I was wary about taking on the body aches and sleeplessness and small bladder syndrome again. The last one was hard on me. When I was contemplating being “done”, though, I was mourning the possibility of never having a little life inside me again, never feeling that magic, never giving birth again. And even now, when part of me really wants that feeling of completeness (after this one, of course) that I hear about, I still feel sadness that this could be actually the last time.
Mark and I prayed to know we were done, and we both received the message that we were NOT. So here we go again, and it will be wonderful.
Child Says
10 Dec 2011 2 Comments
After the biscuits came out a little (ahem) dark in places, Sam was trying to make me feel better about the situation and assured me,
“At least they’re still healthy for you– except they’re ash.”
Sally Becomes… Sal?
10 Dec 2011 Leave a Comment
So my mom was keeping her two baby hens in her front room. (No comment.) After a change in her situation, she needed someone to take care of them. So- Sally and Ruby came to live with us. They’re getting pretty big now- close to full-grown.
A couple of weeks ago we noticed Sally acting strangely. She was “herding” Ruby, and being very bossy. Strange. And she has funny fluffy feathers on her face. And her tail and neck are noticeably longer. And now- last night- she started crowing.
Do you think it would help if I trim her tail? Maybe Sally just had a sore throat last night, and it wasn’t really a crow- maybe it was a croak!

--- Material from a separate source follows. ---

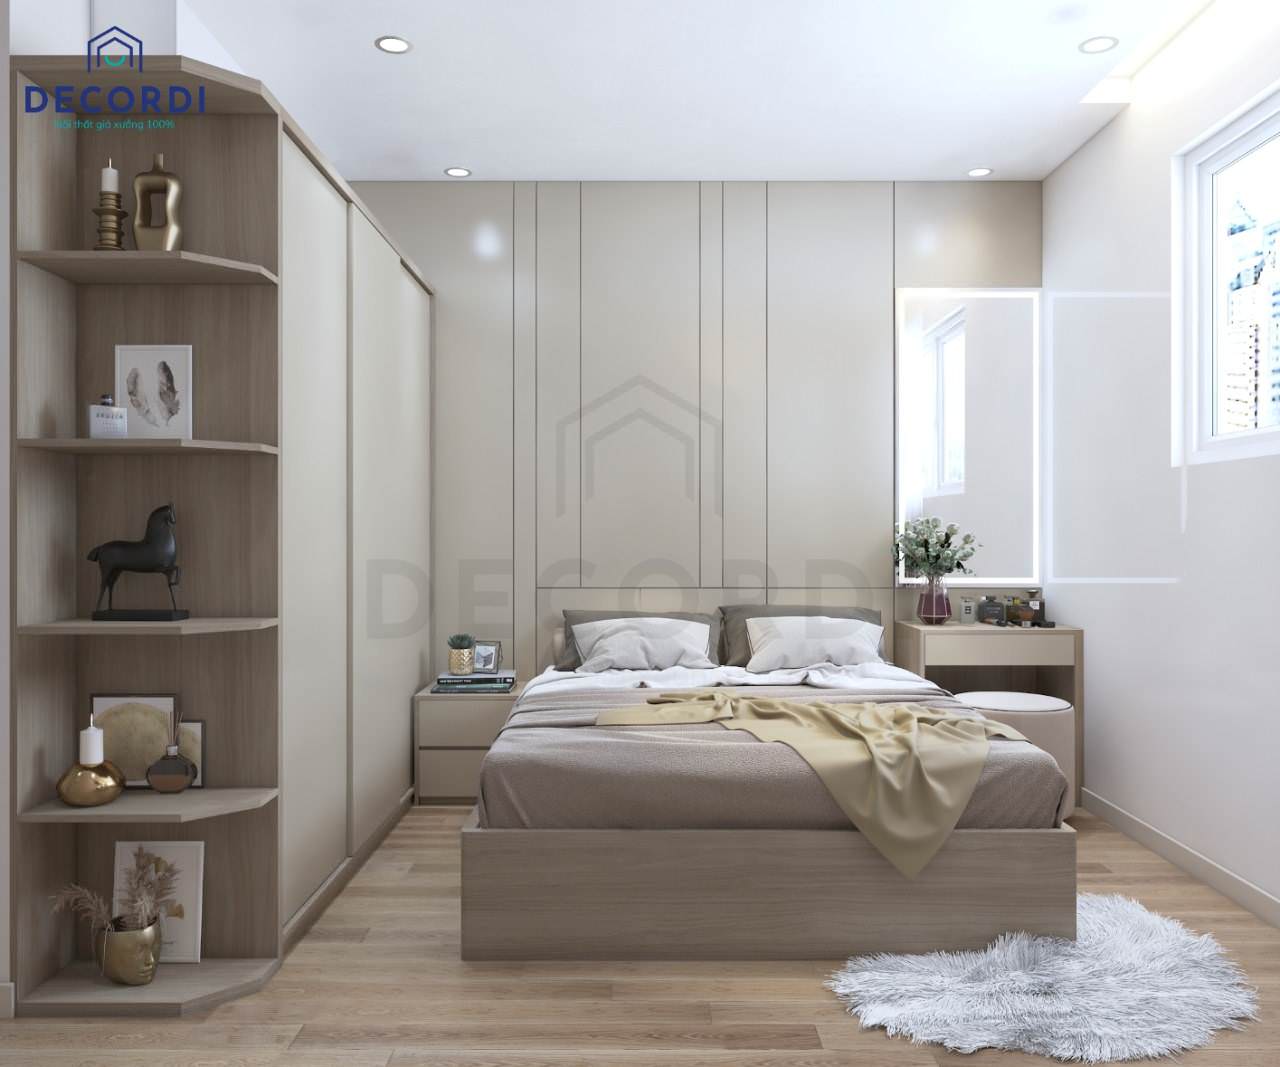 Thiết kế nội thất phòng ngủ 3x4m hiện đại với gam màu kem sang trọng

After having two bunnies with gender issues, and having just fired two roosters over irreconcilable differences with the neighbors, I am rather disconcerted.
Maybe I’ll try false eyelashes on her (I’m sticking with the feminine pronouns until absolutely necessary).
High heels?
Or I’ll just call her our henster.
This all leads me to comment the way John does after he bows his head reverently when he’s not chosen to say the prayer:
“Dang it!”
December Means…
02 Dec 2011 2 Comments
Christmas lights, baking, sewing, thinking of others, chill in the air, Jingle Bells, Silent Night, planning, hiding presents, granting wishes, secret Santa, AND… guilt.

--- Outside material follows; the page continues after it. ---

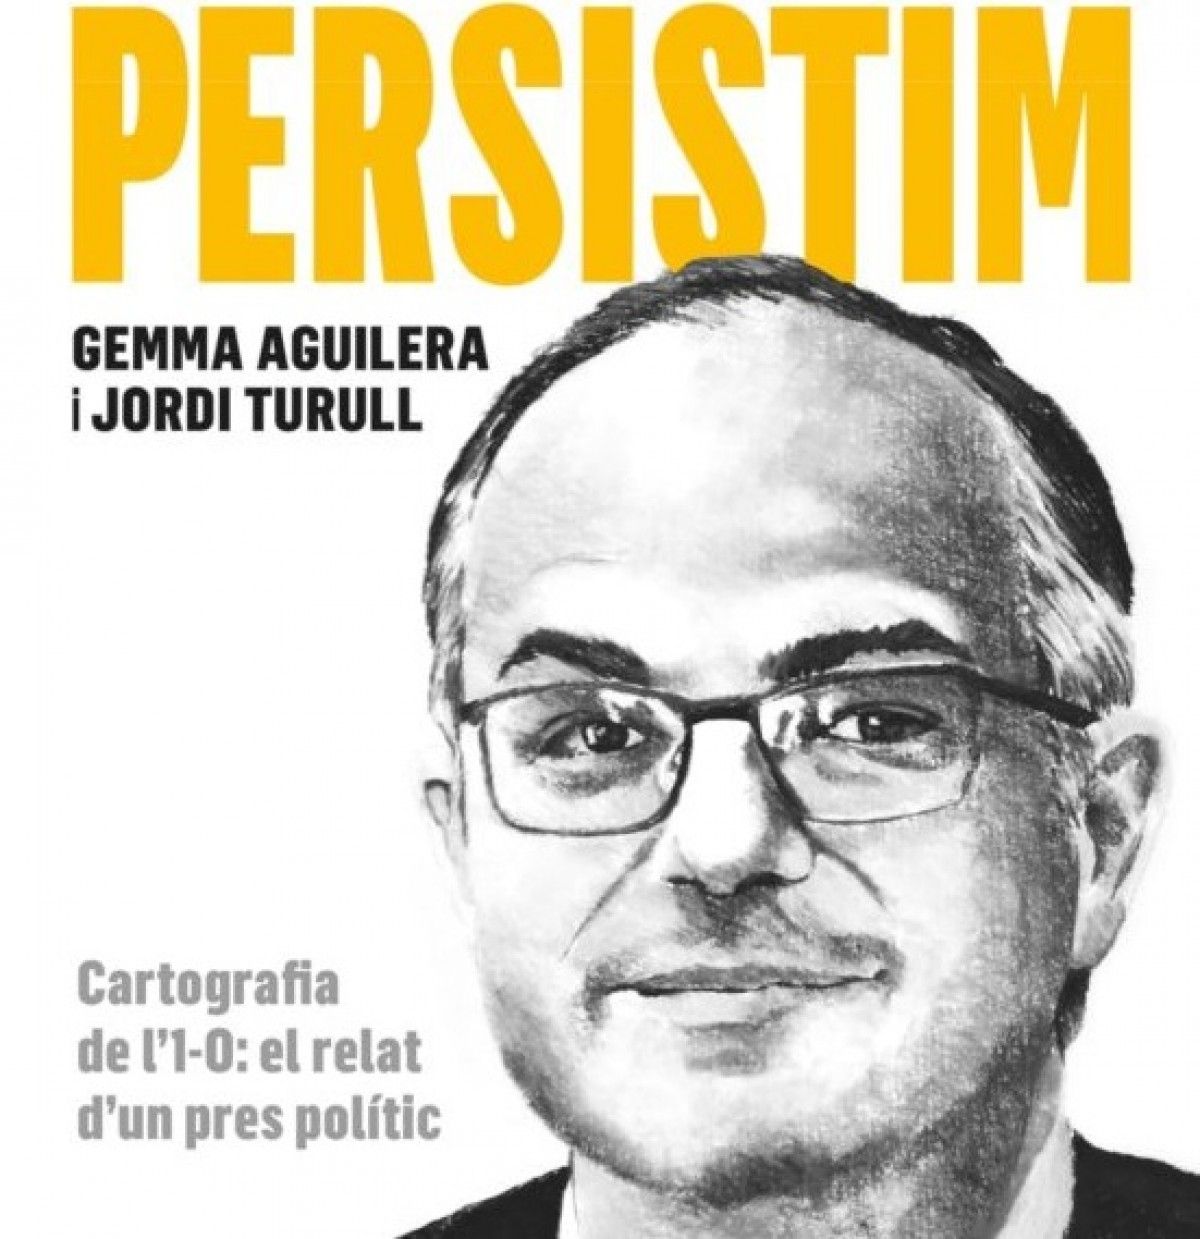 «Persistim», el llibre on Jordi Turull parla del Procés, es presentarà a Sant Cugat

Guilt. From not feeling able to do everything you’d like to for people. From feeling like I should have said thank you to so many people already, and now I won’t accomplish it. From not wanting to give “just anything” to people because I like practical gifts, so I end up giving them this: .

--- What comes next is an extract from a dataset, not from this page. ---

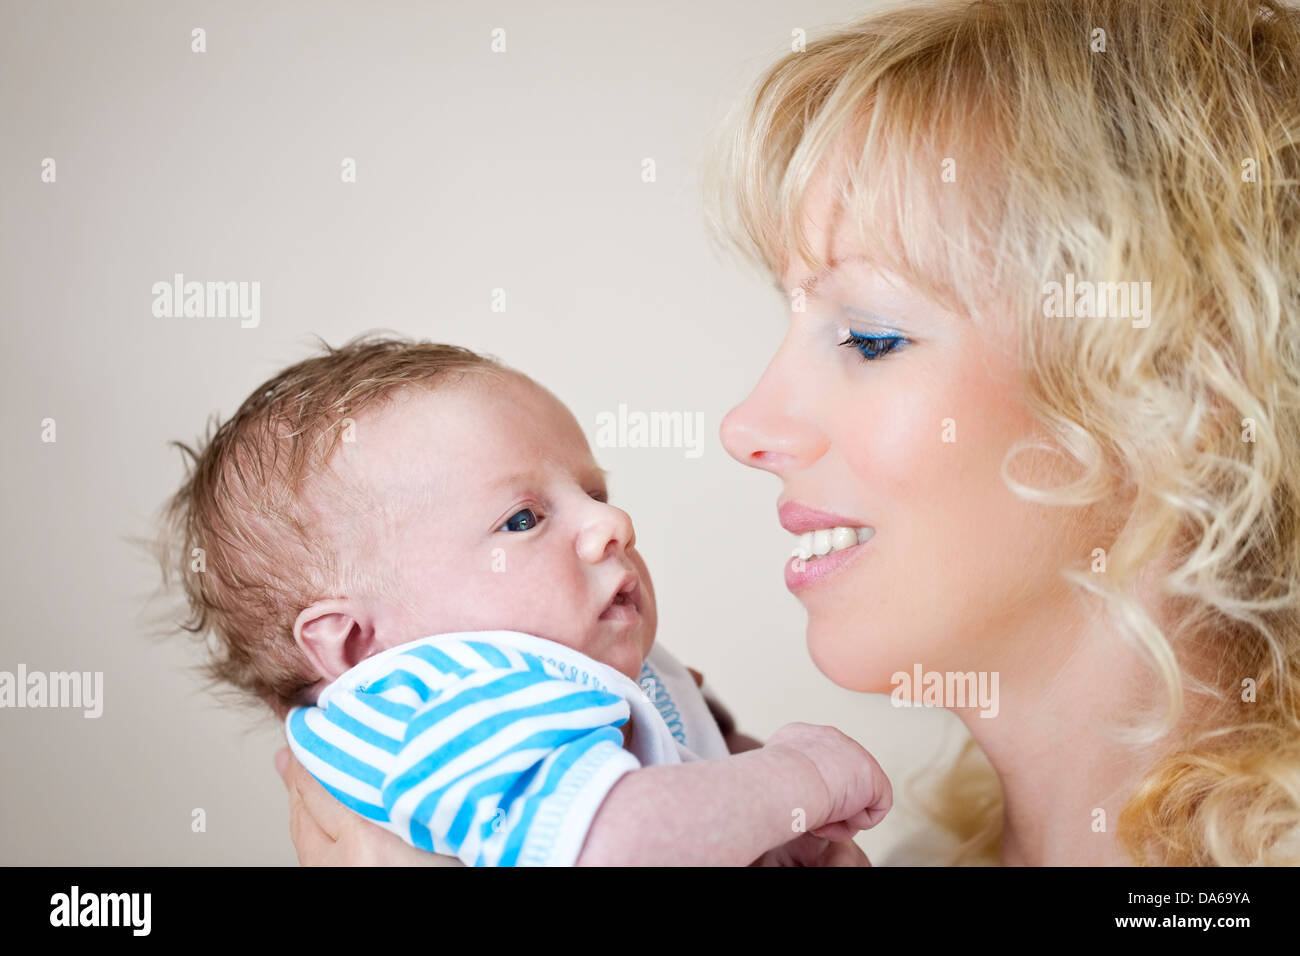 Jeune femme tenant un bébé nouveau-né Banque D'Images

Now don’t worry about my guilt. He and I are old friends. We hang out a LOT. Guilt has its drawbacks, but I’ve learned to live with it, and I don’t let it get me down much.
No, I feel fine about my guilt. Really.
And I actually love December. I want Christmas to last the whole month. But it’s going to have to wait for me to clean the basement enough to get to the tree. It’s one of those seemingly impossible things at this point, but it must be done.
After school today, I think I’ll go work on the impossible. Must. Have. Christmas lights.